Custom Nginx Setup

Rybbit comes with a built-in webserver (Caddy), but you can use your own web server by using the --no-webserver flag on the setup.sh script. This is an example of how to set up Nginx with SSL certificates using Certbot.

Prerequisites

A domain name pointing to your server
A Linux-based server (these instructions use apt-based systems like Ubuntu/Debian)

Setup Process

1. Run the Setup Script


./setup.sh your.domain.name --no-webserver

2. Install Nginx and Certbot

First, install Nginx and Certbot on your server:


# Update package lists
sudo apt update
 
# Install Nginx
sudo apt install nginx
 
# Install Certbot and the Nginx plugin
sudo apt install certbot python3-certbot-nginx

3. Configure Nginx

Create a new Nginx server configuration file:


sudo nano /etc/nginx/sites-available/rybbit

Add the following configuration (replace your.domain.name with your actual domain):


server {
    listen 80;
    server_name your.domain.name;
 
    # We'll start with a basic HTTP configuration
    # Certbot will modify this file later to add HTTPS
 
    location / {
        proxy_pass http://localhost:3002;  # Client port
        proxy_set_header Host $host;
        proxy_set_header X-Real-IP $remote_addr;
        proxy_set_header X-Forwarded-For $proxy_add_x_forwarded_for;
        proxy_set_header X-Forwarded-Proto $scheme;
    }
 
    location /api/ {
        proxy_pass http://localhost:3001/;  # Backend port
        proxy_set_header Host $host;
        proxy_set_header X-Real-IP $remote_addr;
        proxy_set_header X-Forwarded-For $proxy_add_x_forwarded_for;
        proxy_set_header X-Forwarded-Proto $scheme;
    }
}

⚠️

Note the trailing slash in the proxy_pass for the API location. This is important to correctly strip the /api/ prefix when forwarding requests to the backend service.

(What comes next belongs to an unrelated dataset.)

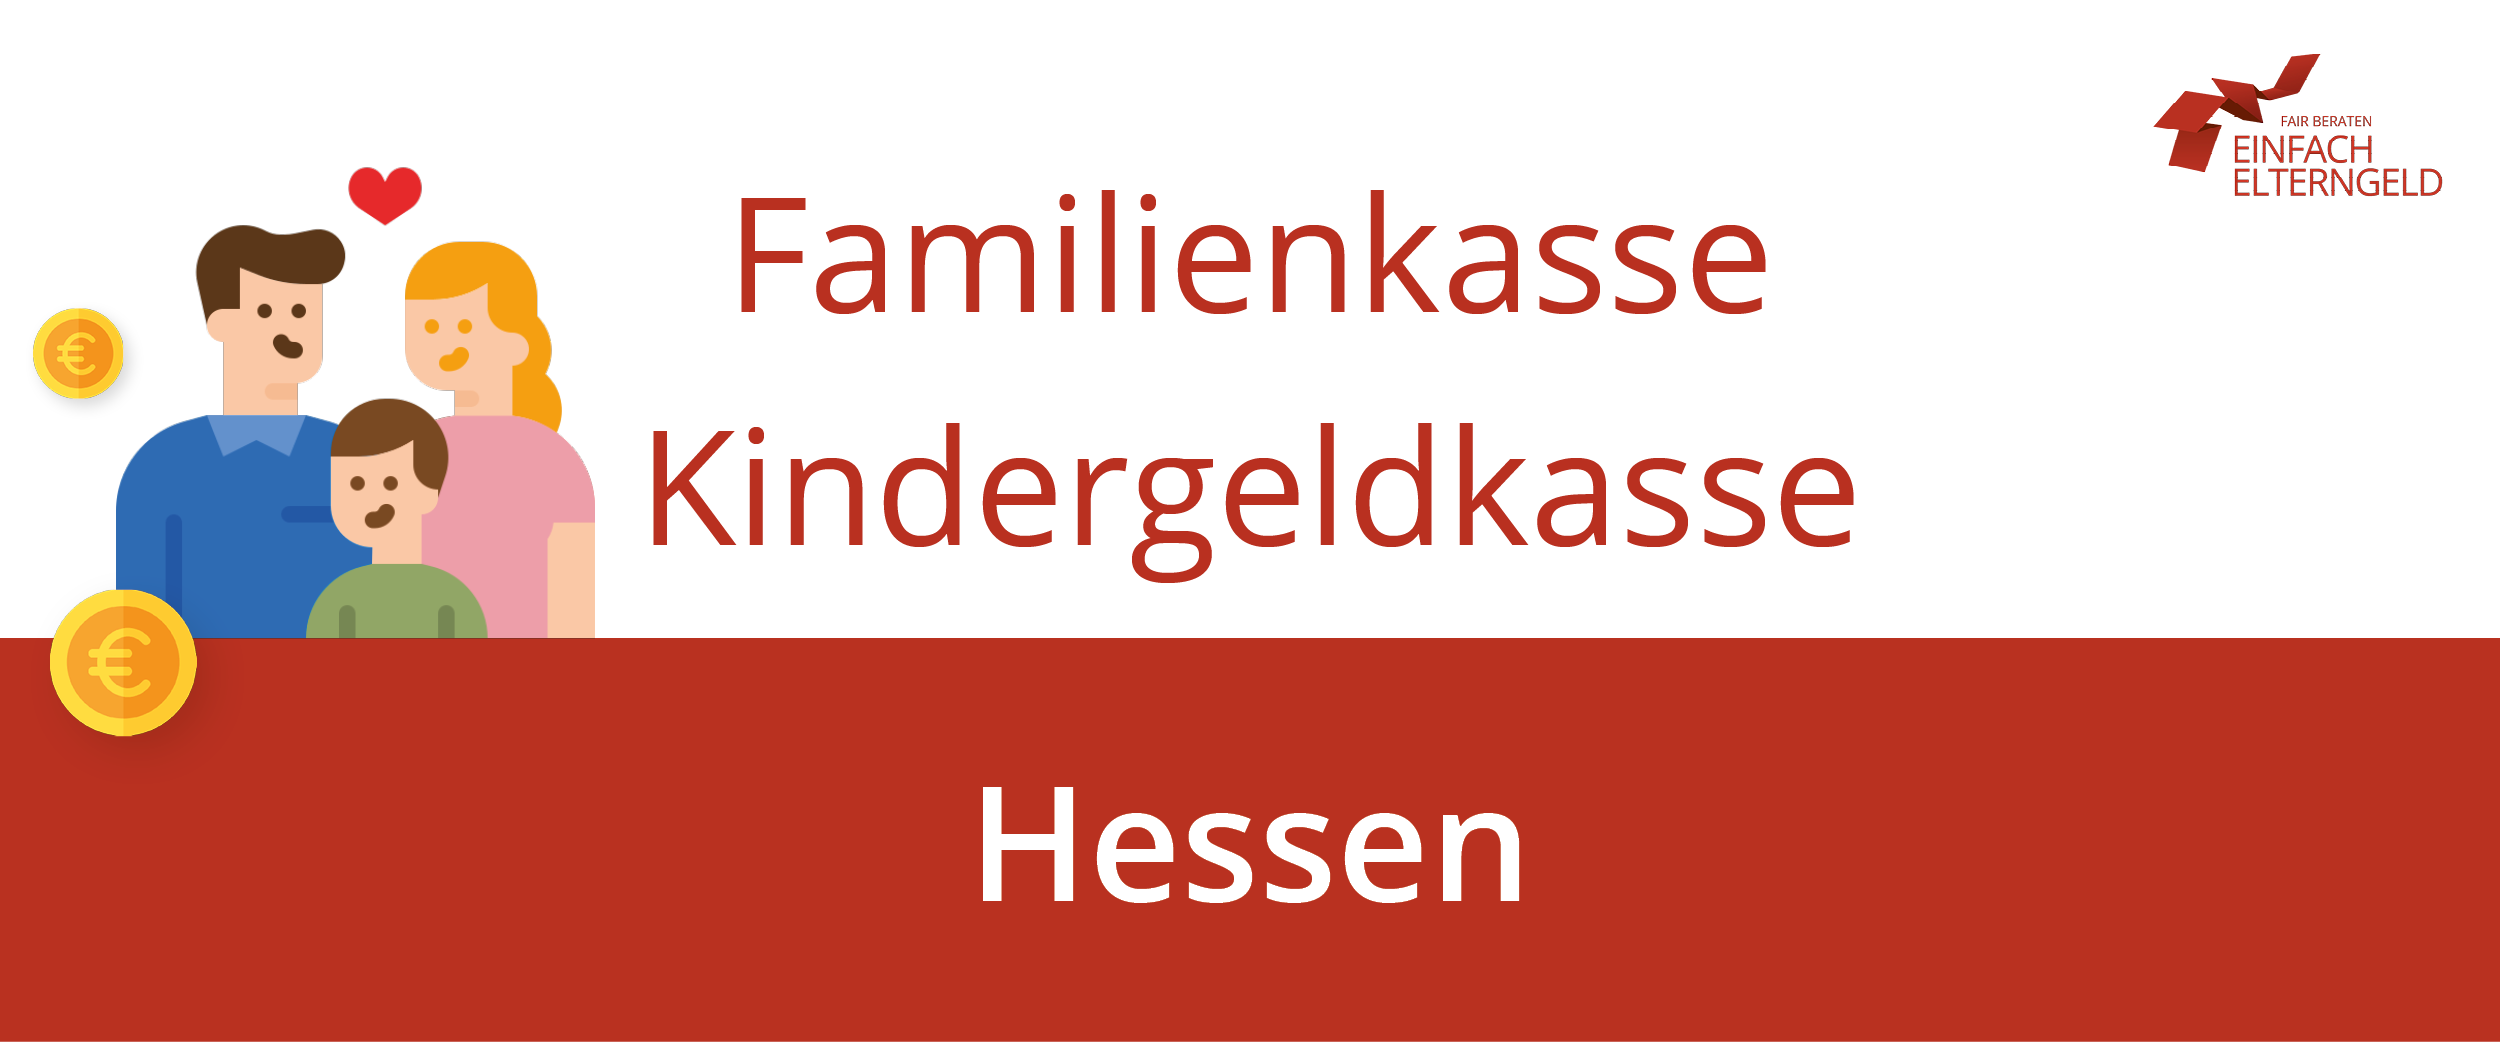 Die Familienkasse Hessen ist an diesen Standorten erreichbar.

4. Enable the Site Configuration

Enable the site by creating a symbolic link and test the configuration:


# Enable the site
sudo ln -s /etc/nginx/sites-available/rybbit /etc/nginx/sites-enabled/
 
# Test the configuration
sudo nginx -t
 
# If the test is successful, restart Nginx
sudo systemctl restart nginx

5. Set Up SSL with Certbot

Certbot can automatically configure Nginx to use HTTPS:


sudo certbot --nginx -d your.domain.name

Certbot will automatically modify your Nginx configuration to include SSL certificate settings and HTTPS server blocks.

6. Verify the Setup

Your final Nginx configuration (in /etc/nginx/sites-available/rybbit) should now include HTTPS settings. You can check it with:


sudo cat /etc/nginx/sites-available/rybbit

It should include SSL certificate paths and a server block for HTTPS.

Certificate Renewal

Certbot creates a systemd timer that automatically renews certificates before they expire. You can verify it’s active with:


sudo systemctl status certbot.timer

You can also test the renewal process (without actually renewing) using:


sudo certbot renew --dry-run

Troubleshooting

If you encounter issues:

Check Nginx error logs:
```
sudo tail -f /var/log/nginx/error.log
```
Verify that the Docker containers are running and exposing the correct ports:
```
docker ps
```

Test connectivity to the backend and client services:


curl -v http://localhost:3001
curl -v http://localhost:3002

If the Certbot automatic configuration fails, you can manually add SSL configuration to your Nginx server block.